[Nuweb-users] Nuweb in Python

SourceForge Headquarters 1320 Columbia Street Suite 310 San Diego, CA 92101 +1 (858) 422-6466

I've been frustrated by trying to fix problems in nuweb. It can be really hard to work out how to make a change - for example, how to fix bug 2965157[1] - if it is indeed a bug!

Part of this is down to the fact that nuweb is implemented in C, but I think that mostly it's because we developers haven't treated it as a proper Literate Programming project. There ought to be some explanation of why (referring to 2965157 again) there's a scrap reference inside the parameter list. I think (from discussions on the nuweb-users mailing list) that it was deliberate, but I see no clue as to the intention.

As another problem (far from the only one!), what is a block comment?

Anyway, to scratch this itch I've been reworking nuweb in Python. The code repository is at [2]; it's a Mercurial[3] repo.

So far, the parts implemented are:

* files (@o and @O, but no flags)
* fragments (@d and @D, but no flags)
* scraps (delimited by @{ @} only)
* user-defined identifiers
* old-style fragment parameters
* indices @f, @m and @u (I've laid @u out a little differently)
* @% (anywhere in the document, not just in scraps)
* @# (put code line at left margin)
* @@ handling (this one was tricky, and I may not have caught all the cases)
* switch -r (generate hyperlinks), aliased --hyperlinks.

It won't handle the current nuweb.w, because that web uses new-style parameters. However, it will process it and generate LaTeX. nuweb.w reveals one shortcoming in the Python version, which is that it's slow at processing user-defined identifiers. It takes 8s on this Macbook Pro to process nuweb.w, against 0.07s for the C version. The fix for this (if it's worth it; the other webs I have take about a second overall, which isn't very painful) may be to implement the string search which nuweb.w uses [4], though a quick trial of acora[5] suggests that a pure Python implementation will be slower than the current re-based implementation in nuweb.py.

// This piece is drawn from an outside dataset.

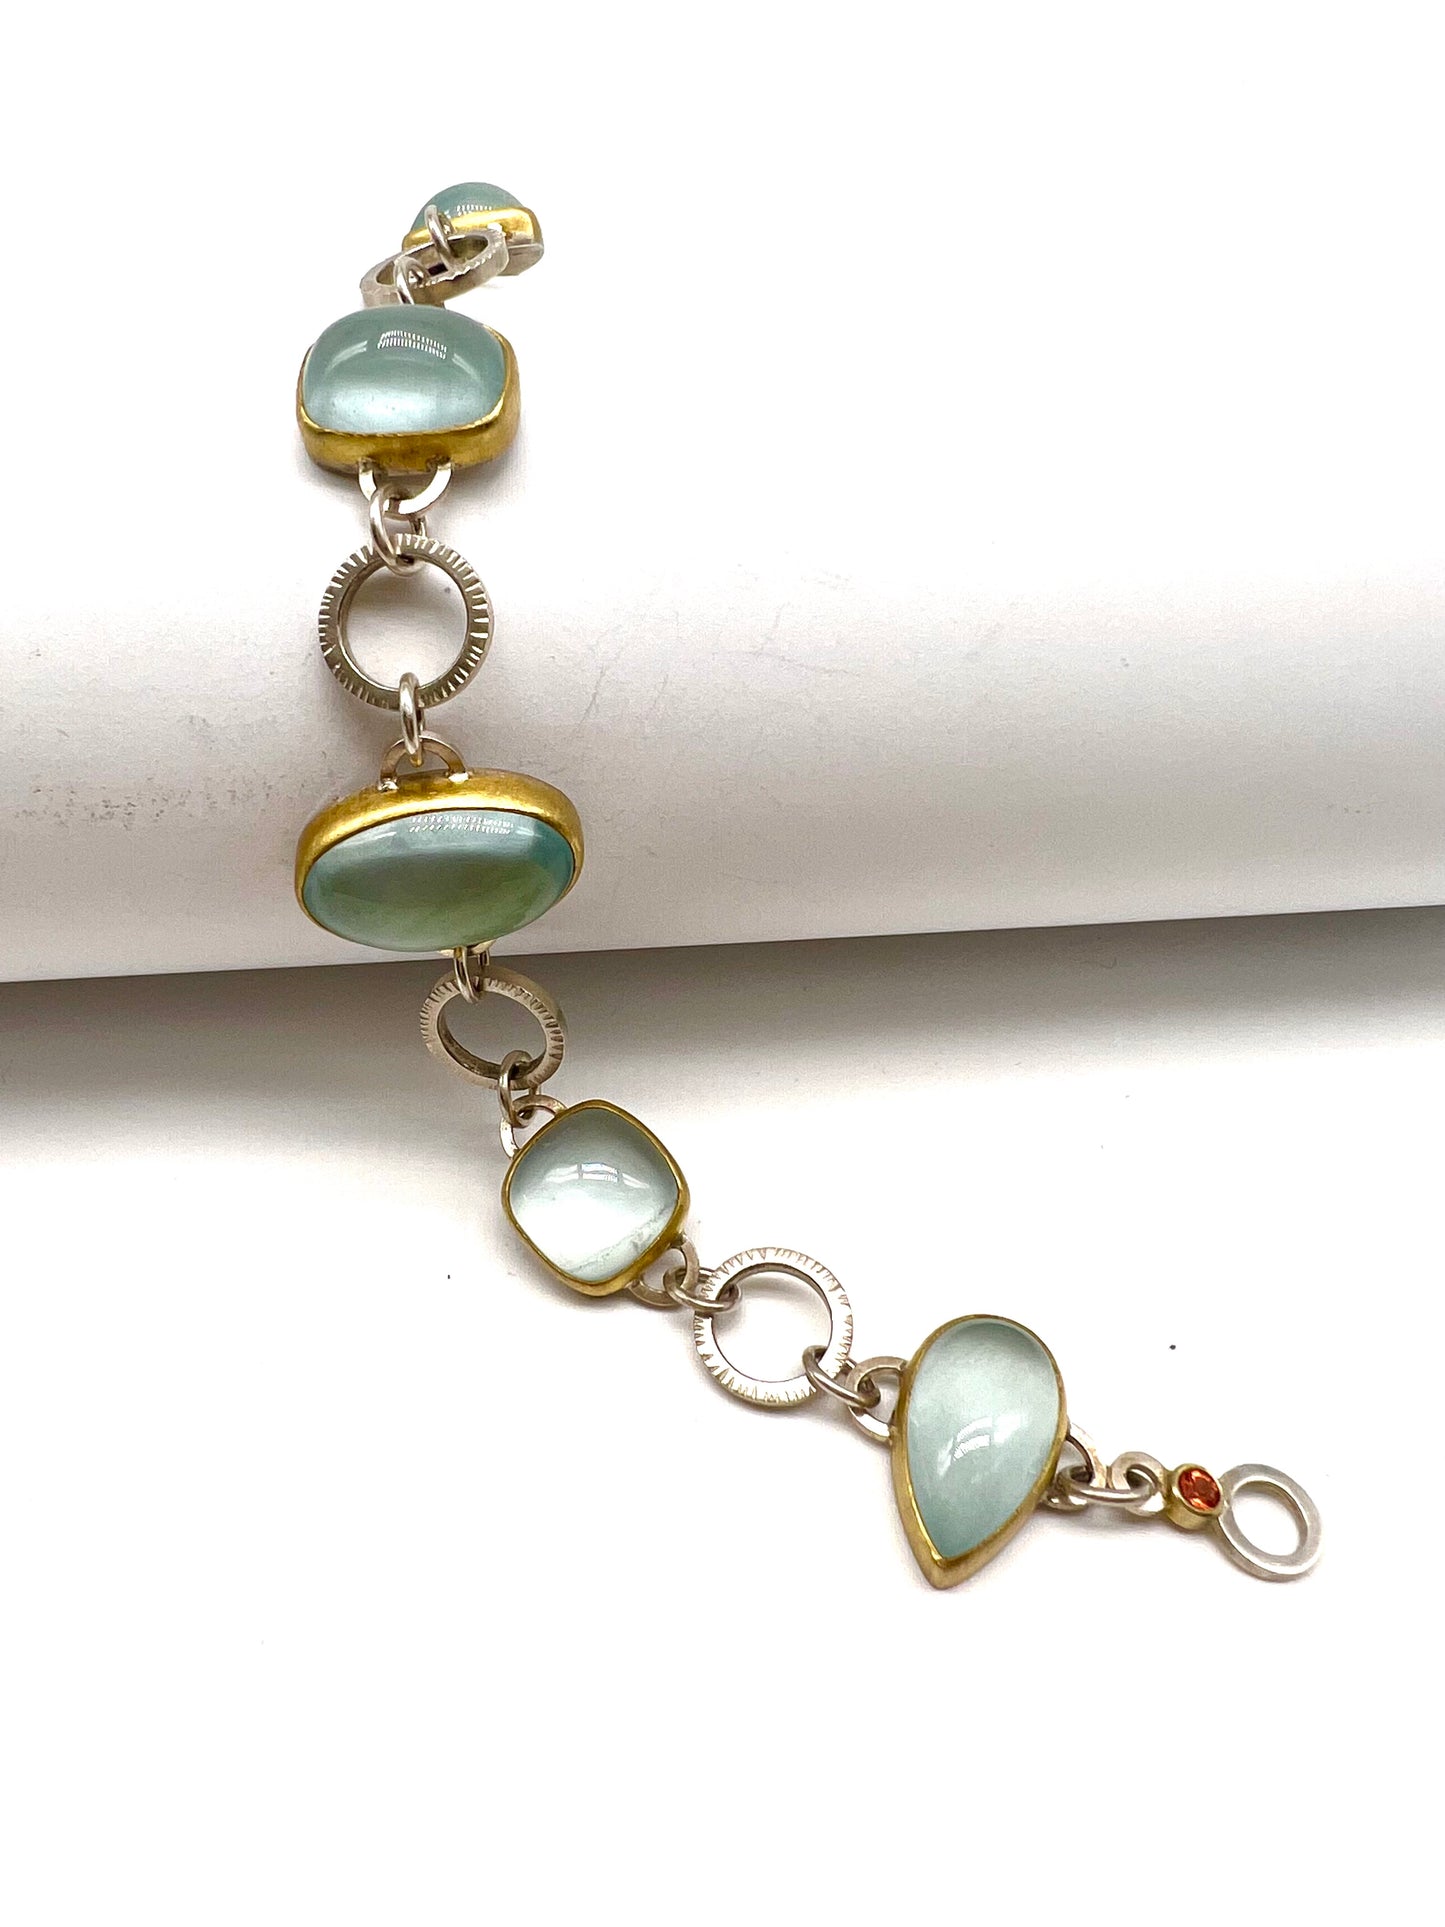 Cabochon Aquamarine, Orange Sapphire, 22kt Yellow Gold and Sterling Silver link bracelet

So why haven't I written nuweb.py as a web? I suppose the answer is, that I've been exploring the problem while writing the code, which doesn't seem to be a very `literate' approach. Now that the overall structure is reasonably clear, maybe it can be webified. That would at least force me to provide wome user-oriented documentation!

[1] http://sourceforge.net/tracker/?func=detail&aid=2965157&group_id=7449&atid=107449
[2] http://nuweb.hg.sourceforge.net/hgweb/nuweb/nuweb.py/
[3] http://mercurial.selenic.com/
[4] http://en.wikipedia.org/wiki/Aho–Corasick_string_matching_algorithm
[5] http://pypi.python.org/pypi/acora